Dear Armie

by lookingforatardis



Category: Call Me By Your Name (2017) RPF
Genre: 10 minute challenge, Angst, Letters, M/M, Pining
Language: English
Status: Completed
Published: 2018-05-07
Updated: 2018-05-07
Packaged: 2019-05-03 10:28:45
Rating: Teen And Up Audiences
Warnings: Creator Chose Not To Use Archive Warnings
Chapters: 1
Words: 516
Publisher: archiveofourown.org
Story URL: https://archiveofourown.org/works/14567043
Author URL: https://archiveofourown.org/users/lookingforatardis/pseuds/lookingforatardis
Summary: I probably won't even send this.





	Dear Armie

_Dear Armie,_

I'm at an event laughing to myself because no one seems to care about us anymore. It's almost better that they stopped asking how I felt about working with you. It's almost better that the questions just… stopped, one day just stopped. I miss talking about you, of course I do. But it's safer.
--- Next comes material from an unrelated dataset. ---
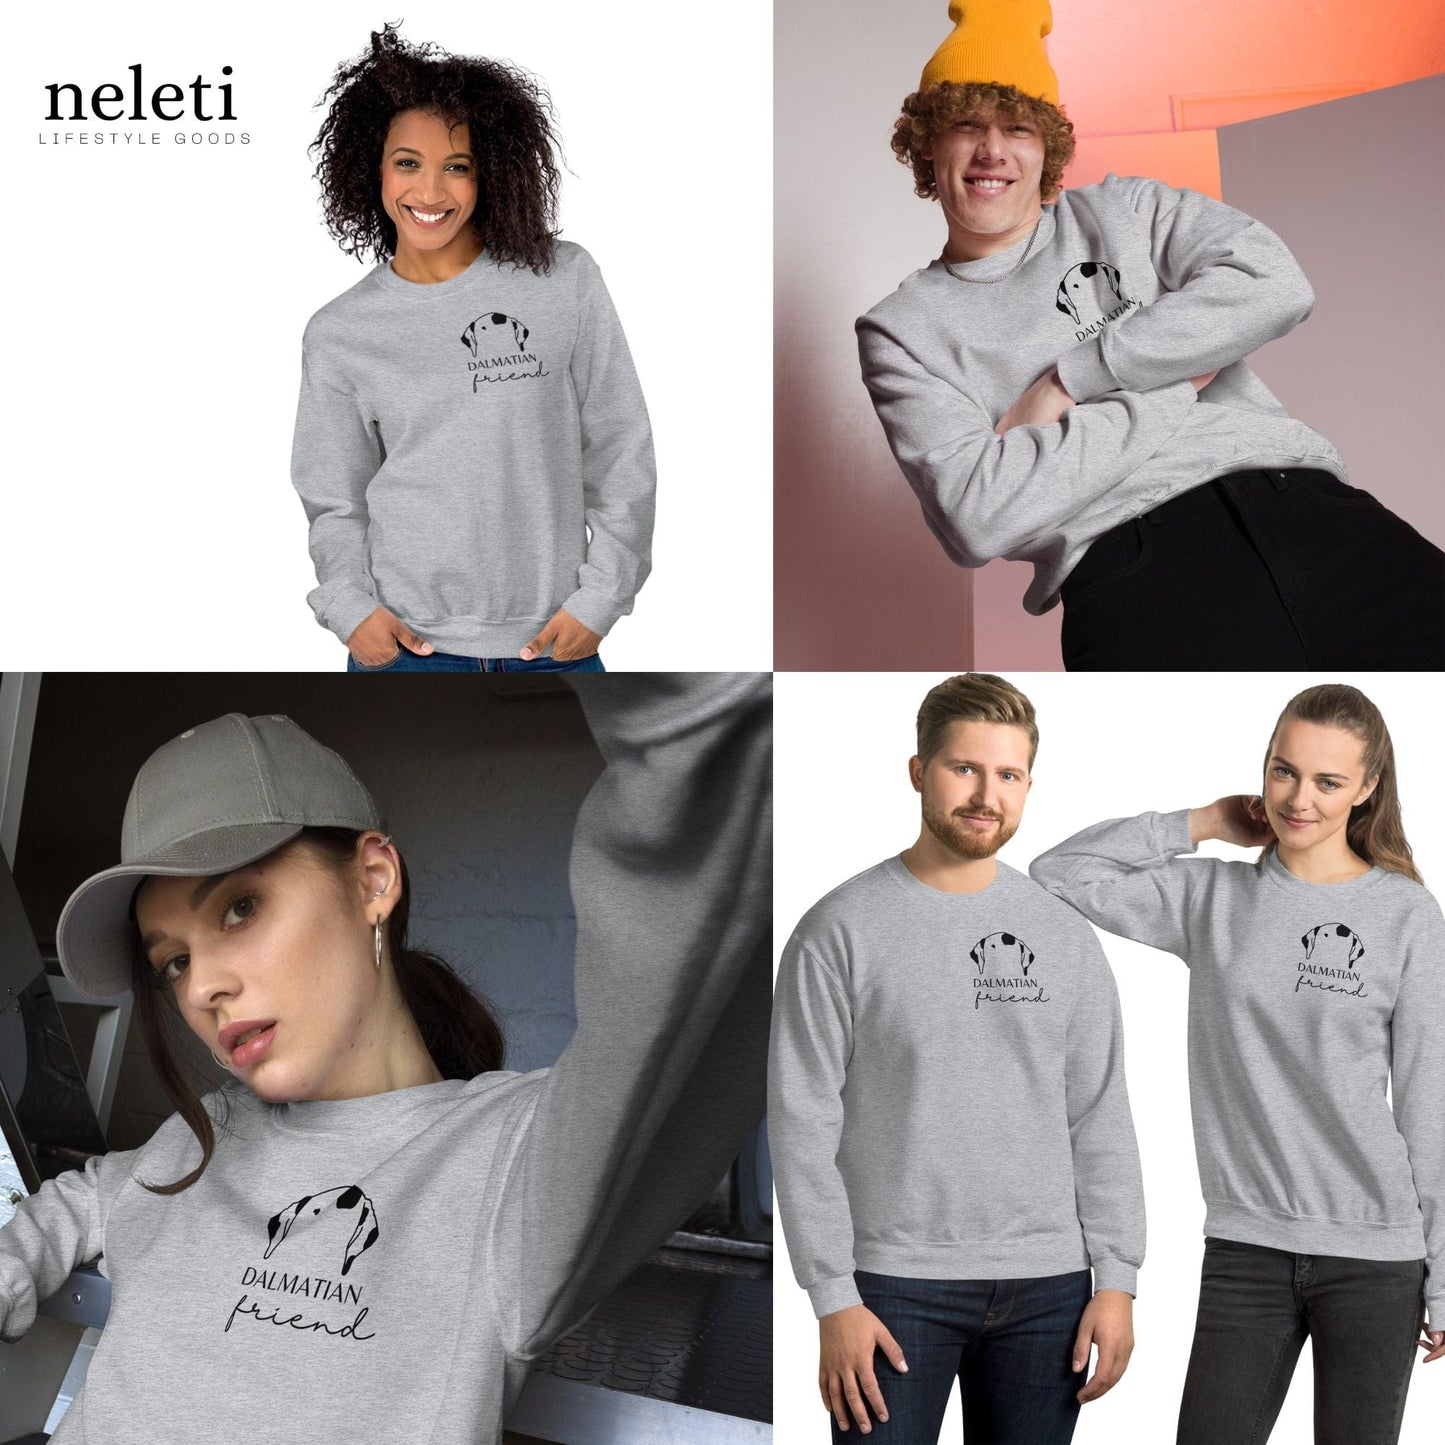    neleti.com-custom-gray-sweatshirt-with-dog-ears

I used to resent you, did you know that? Resent the spring in your step at events like these, the way your eyes caught on the light just right and how your voice flitted around the room, encompassing space in the way I never seem to. People would question the way we were around each other and I'd smile, take a note from you and actually prepare something to say so I didn't embarrass myself. I'd talk about the hours we spent watching tv, getting dinner, the times we visited one another.

I'd stay away from the time your hand pressed a little too hard into my hip, the moments we couldn't break eye contact, the days when I thought she'd see the way you looked at me and ask if something had happened. I think she probably did, that maybe your touch was revoked because of that, not just because of me.
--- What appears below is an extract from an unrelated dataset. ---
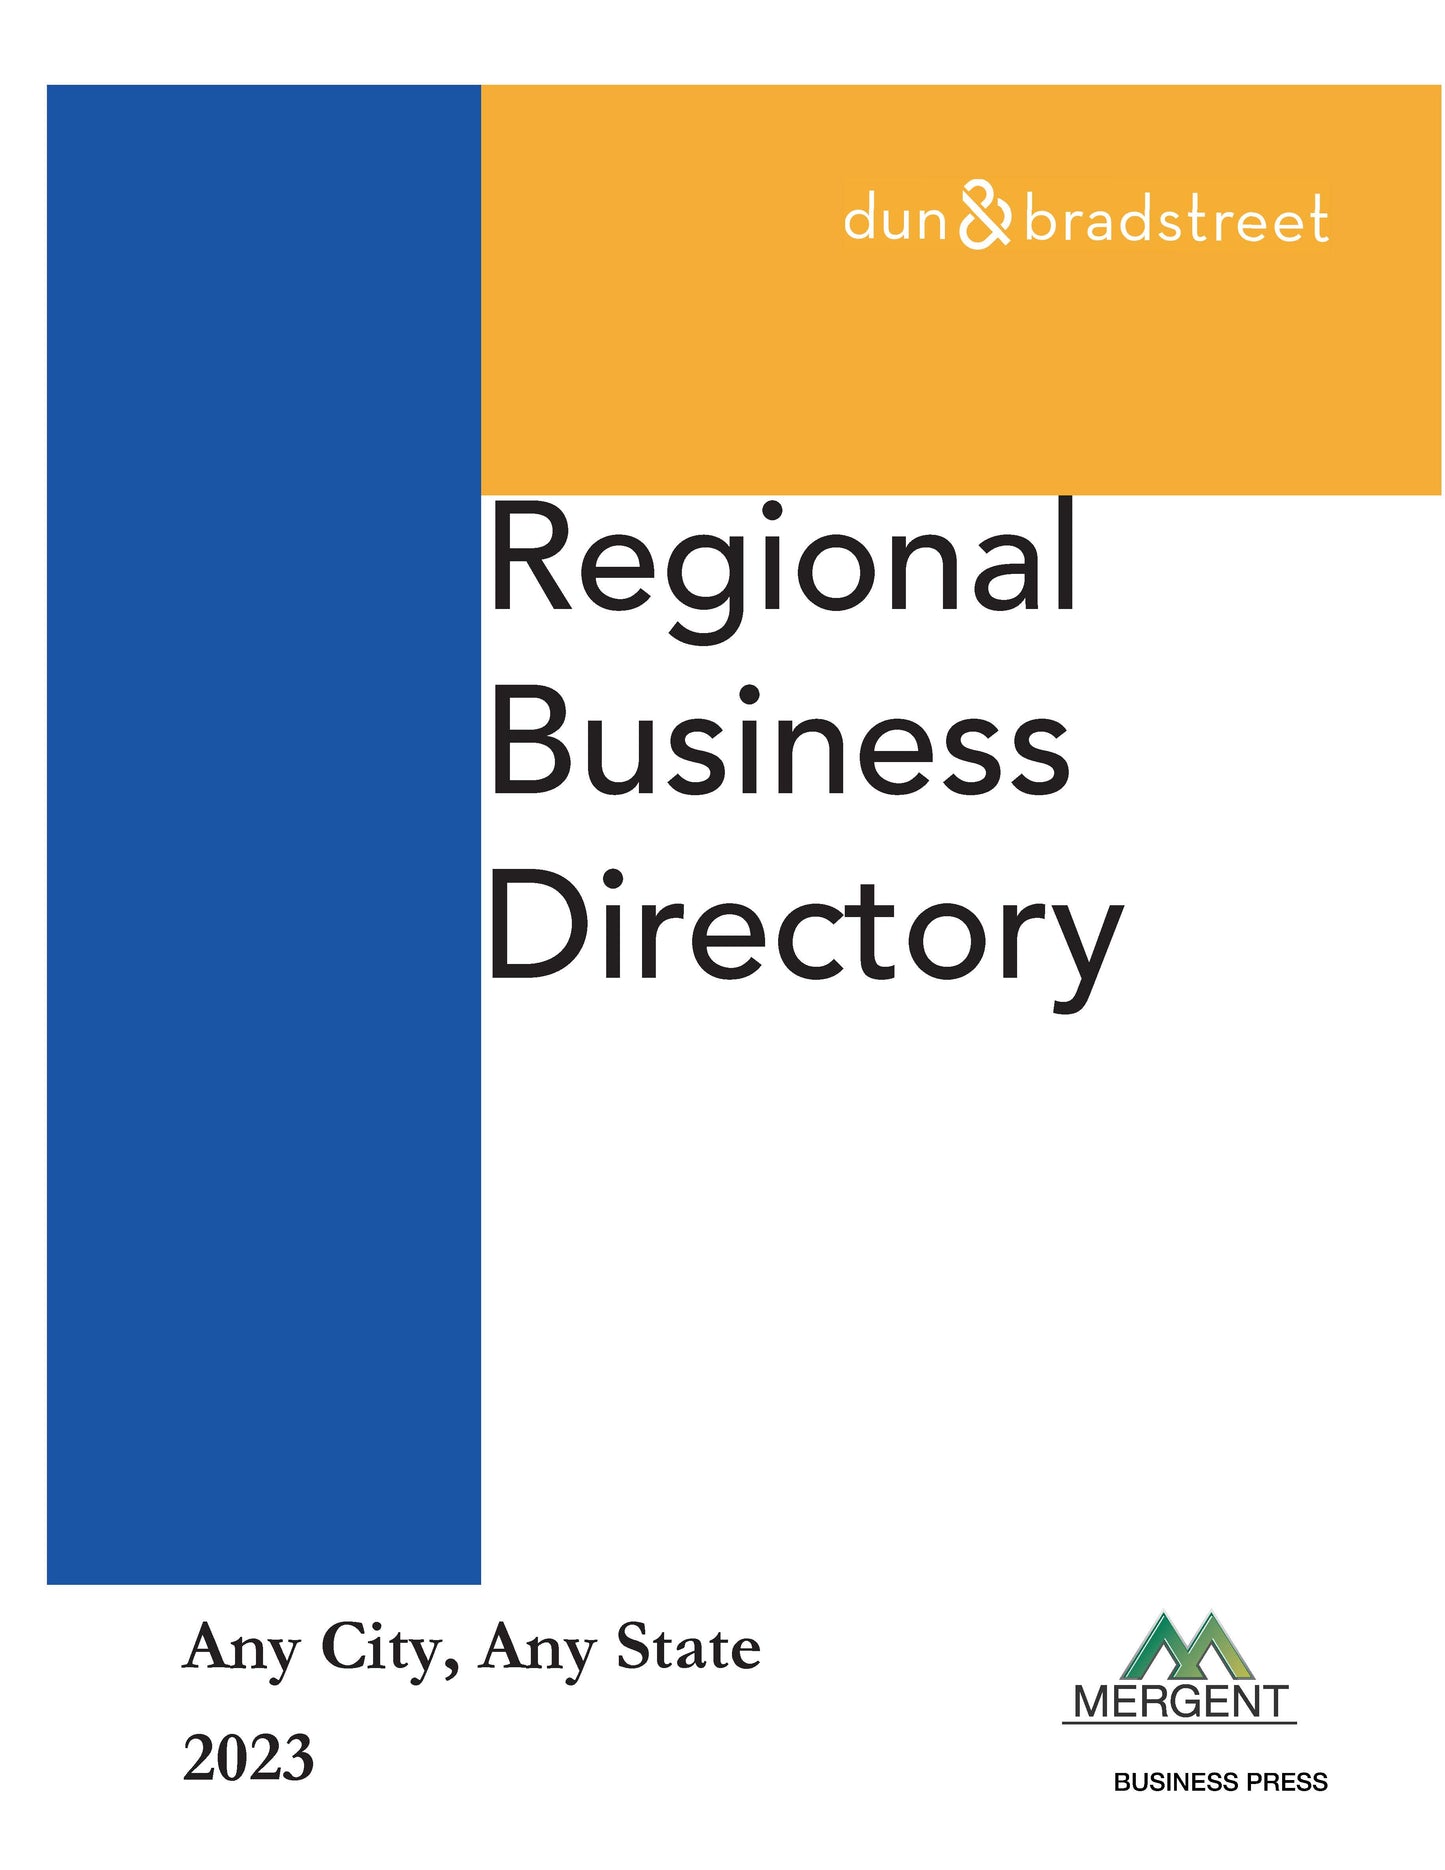 Regional Business Directory - Cincinnati, OH

I still feel the brush of your fingertips against my skin on the nights when the sun refuses to set before dessert has been had. I understand why you stopped, but there are days when I can't fight the tears remembering how you used to hold me.
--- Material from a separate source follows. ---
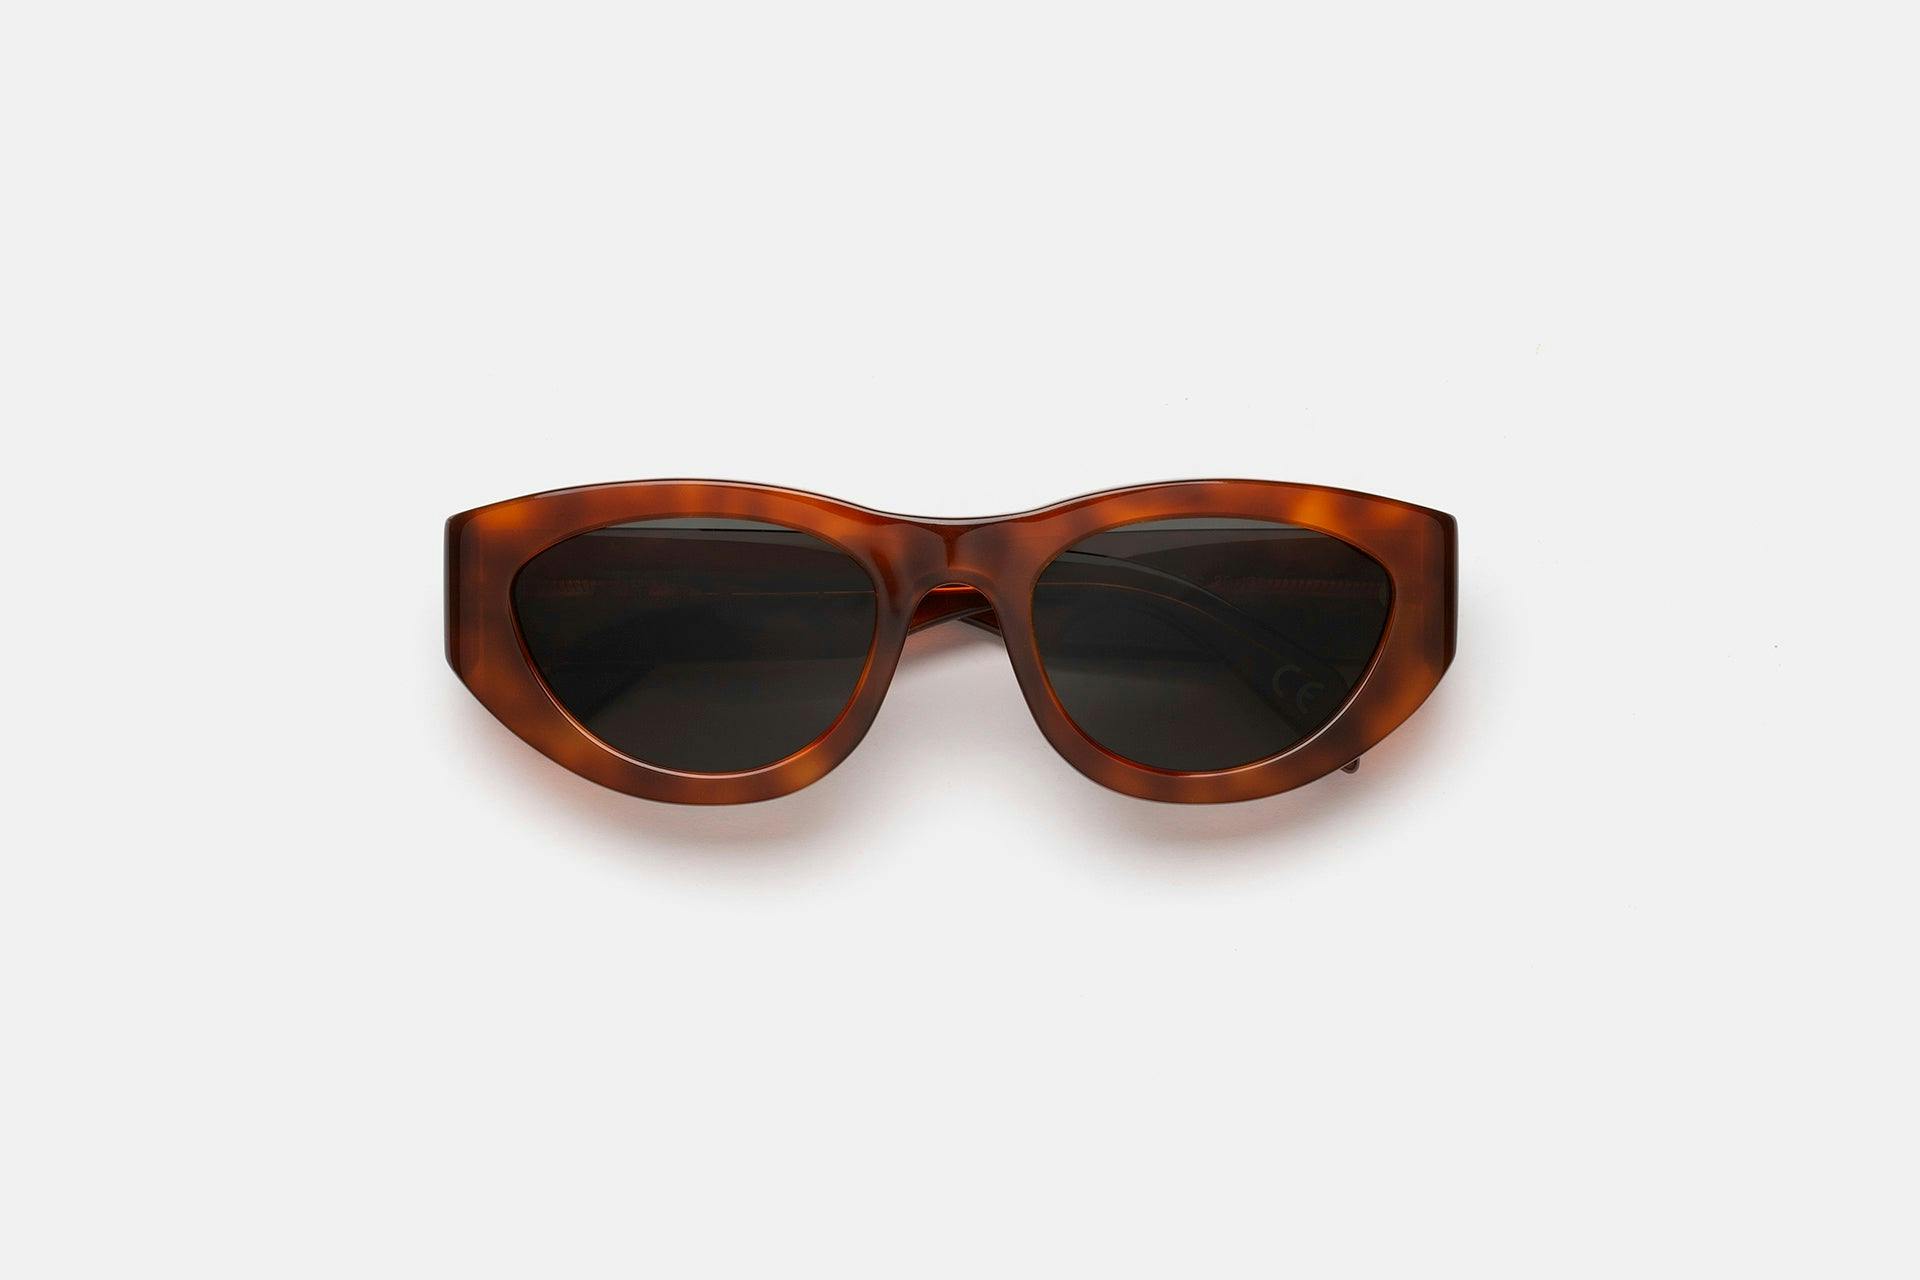 Tortoiseshell rounded cat-eye sunglasses

Sometimes I think you don't even know what you did to me. That perhaps I was alone in this all along and you were simply running circles around my heart, unaware your actions caused the wires to fray in such a way they needed to be replaced. I needed you so much back then, but now I just want you.

The amount of times I've wondered if they all see it too, if they see the way you steal glances and lift boisterous laughter into the skies at stupid shit I've said. If they can see the emotion I wear too close to the surface, the emotion you hide deep down. I almost wish you'd stop looking, touching, calling. I almost wish you'd stop everything entirely.

Instead, you laugh and make light of something that leaves me breathless, my eyes caught on the ring you're not even wearing, her heart so steady in your hand that she doesn't question its absence. I probably shouldn't either. And yet… And yet I do.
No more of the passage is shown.